## Given information
--------------------

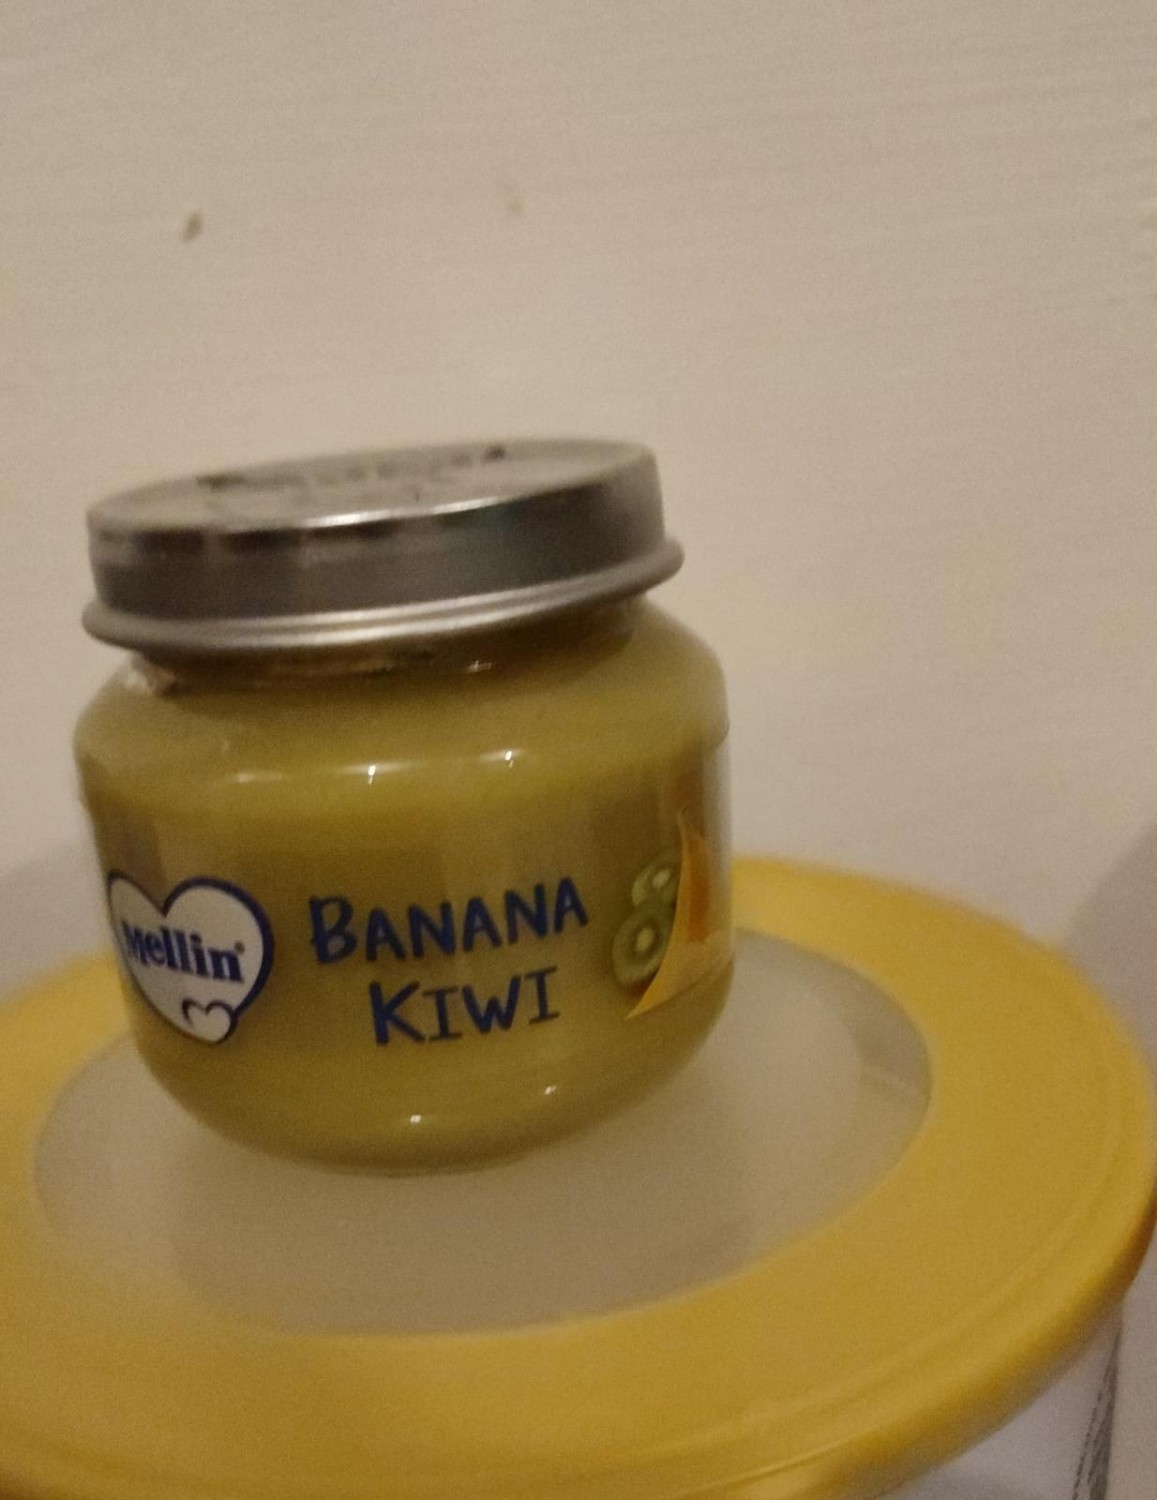 Banana kiwi
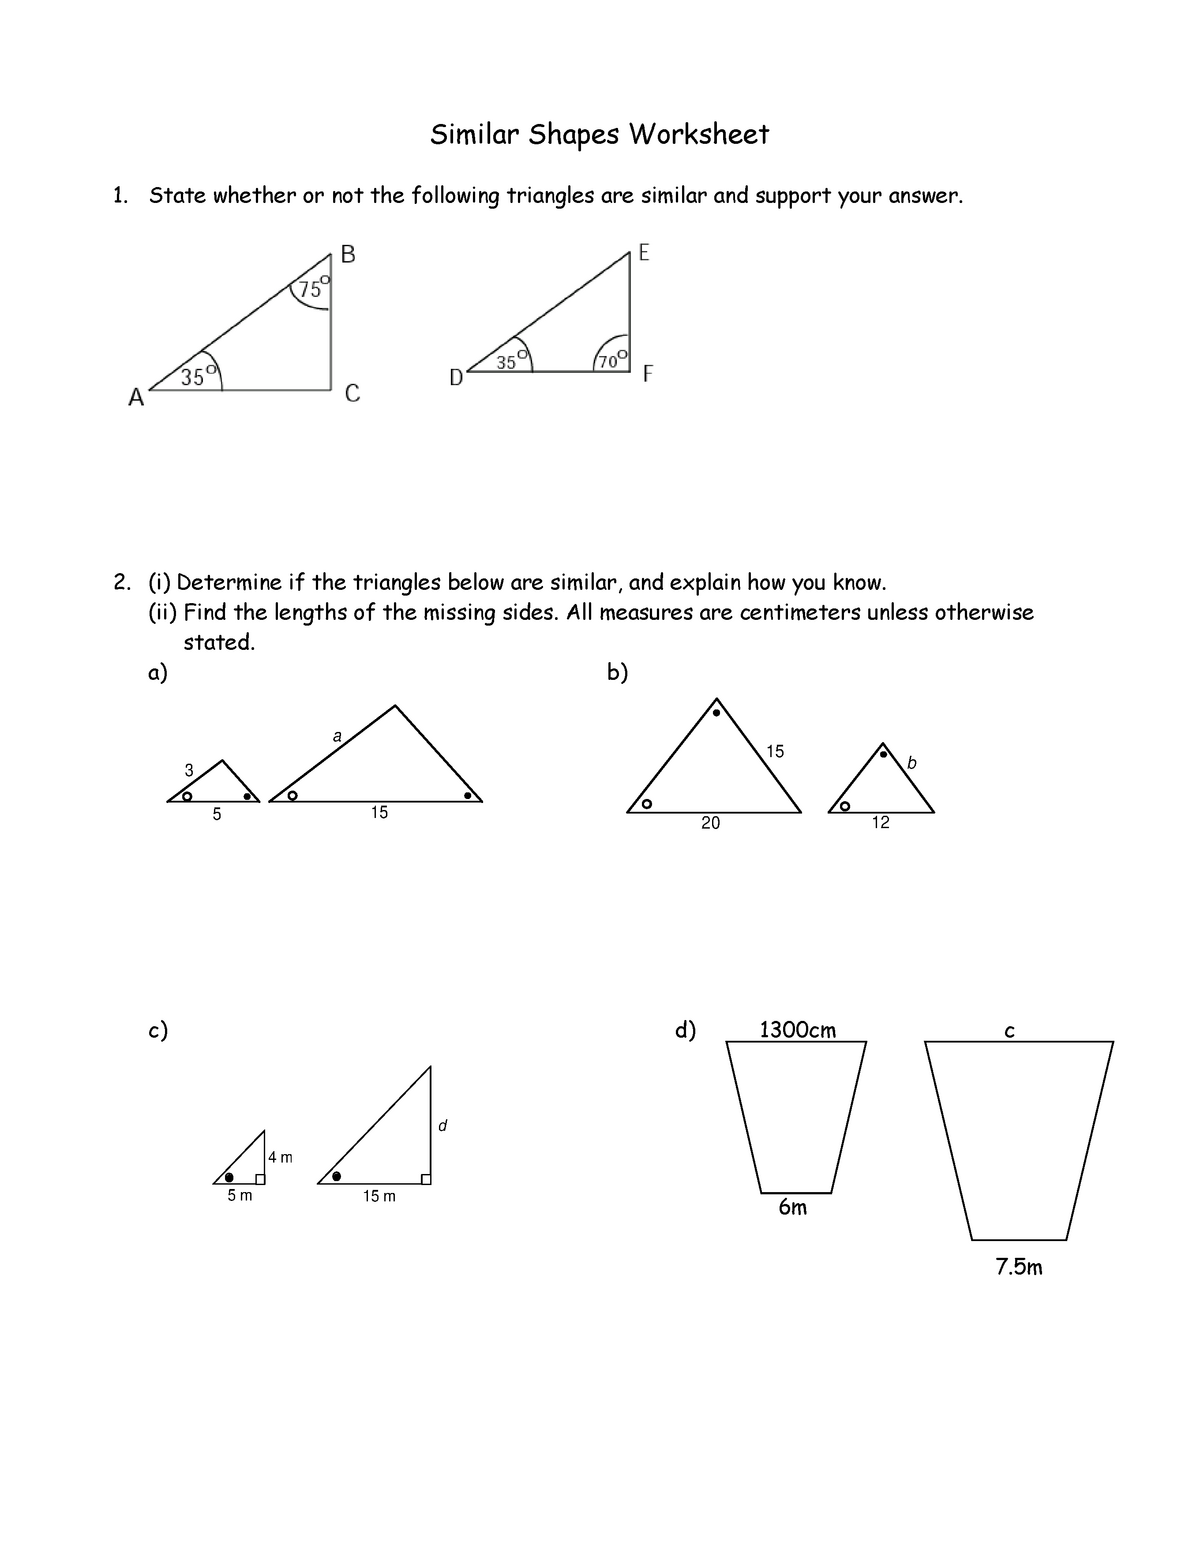 Similar Triangles Worksheet-2 - Similar Shapes Worksheet State whether
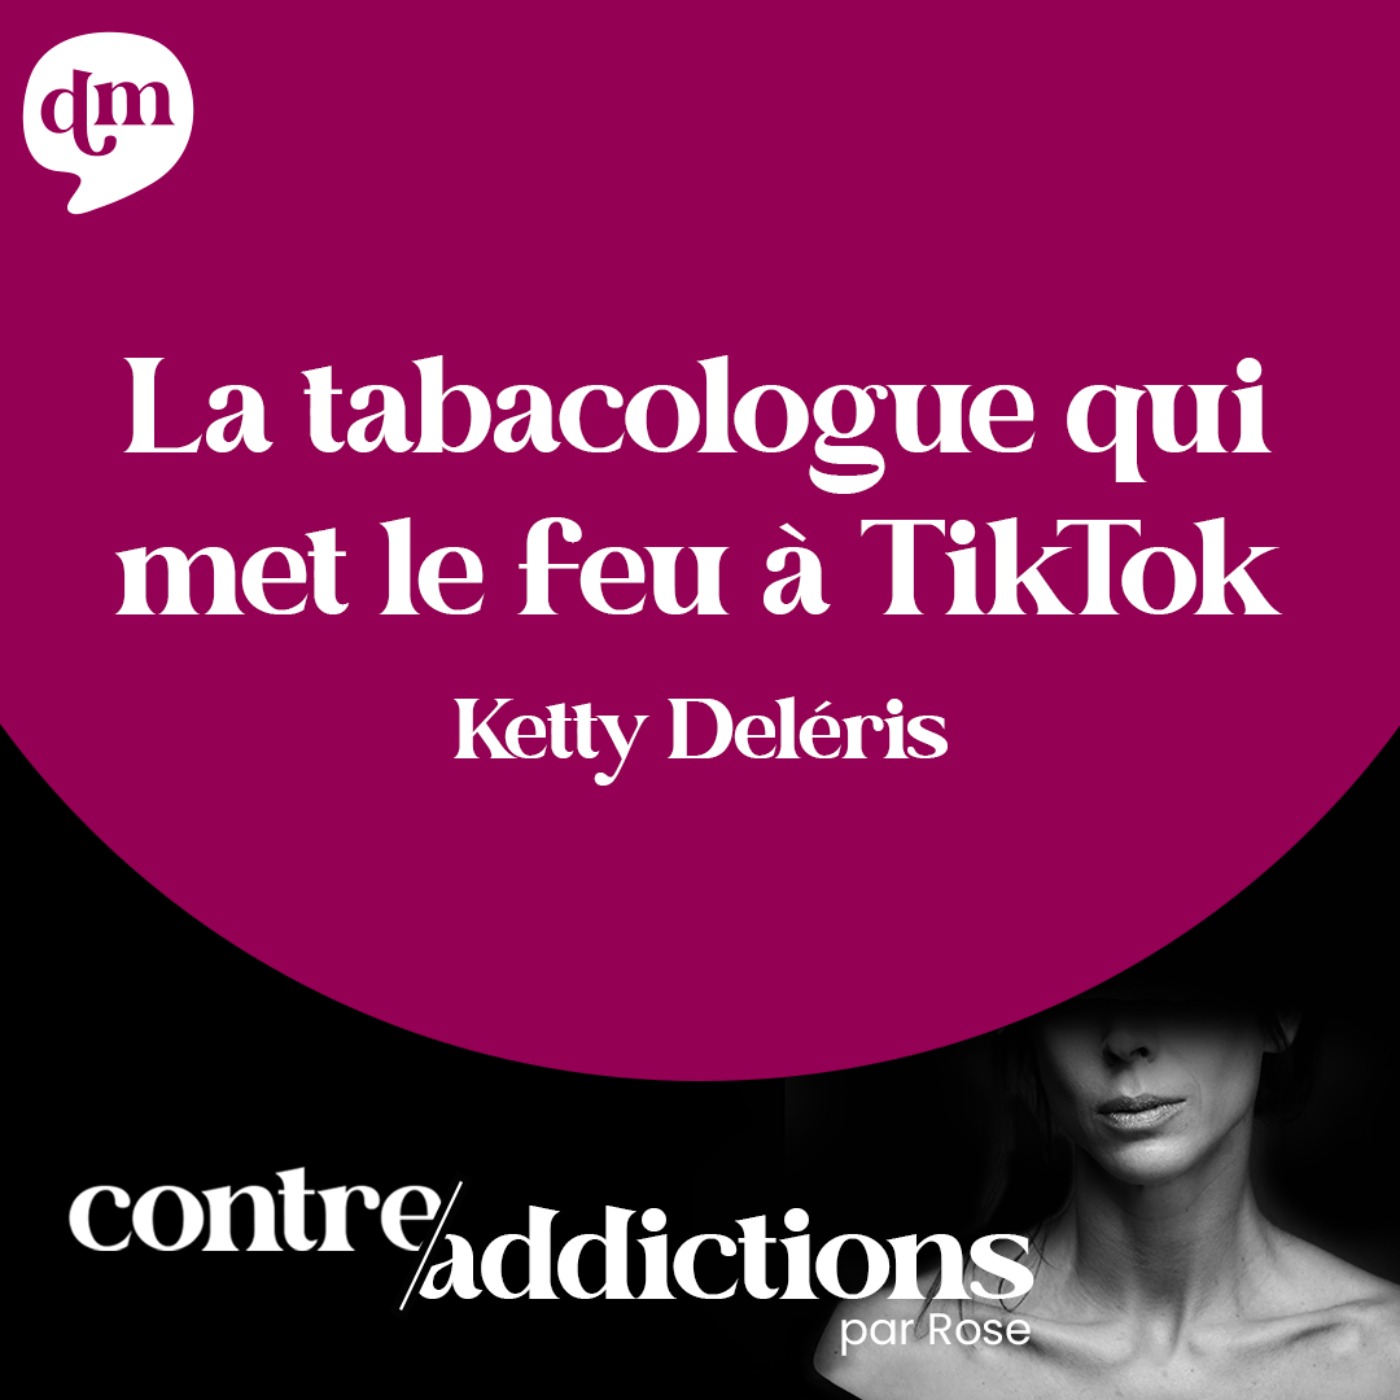 S2E5 - La tabacologue qui met le feu à TikTok : Ketty Deléris

--------------------

## Task goal
Repeat the material exactly as it reads, without any of its pictures.

## Final answer
 Banana kiwi
 Similar Triangles Worksheet-2 - Similar Shapes Worksheet State whether
 S2E5 - La tabacologue qui met le feu à TikTok : Ketty Deléris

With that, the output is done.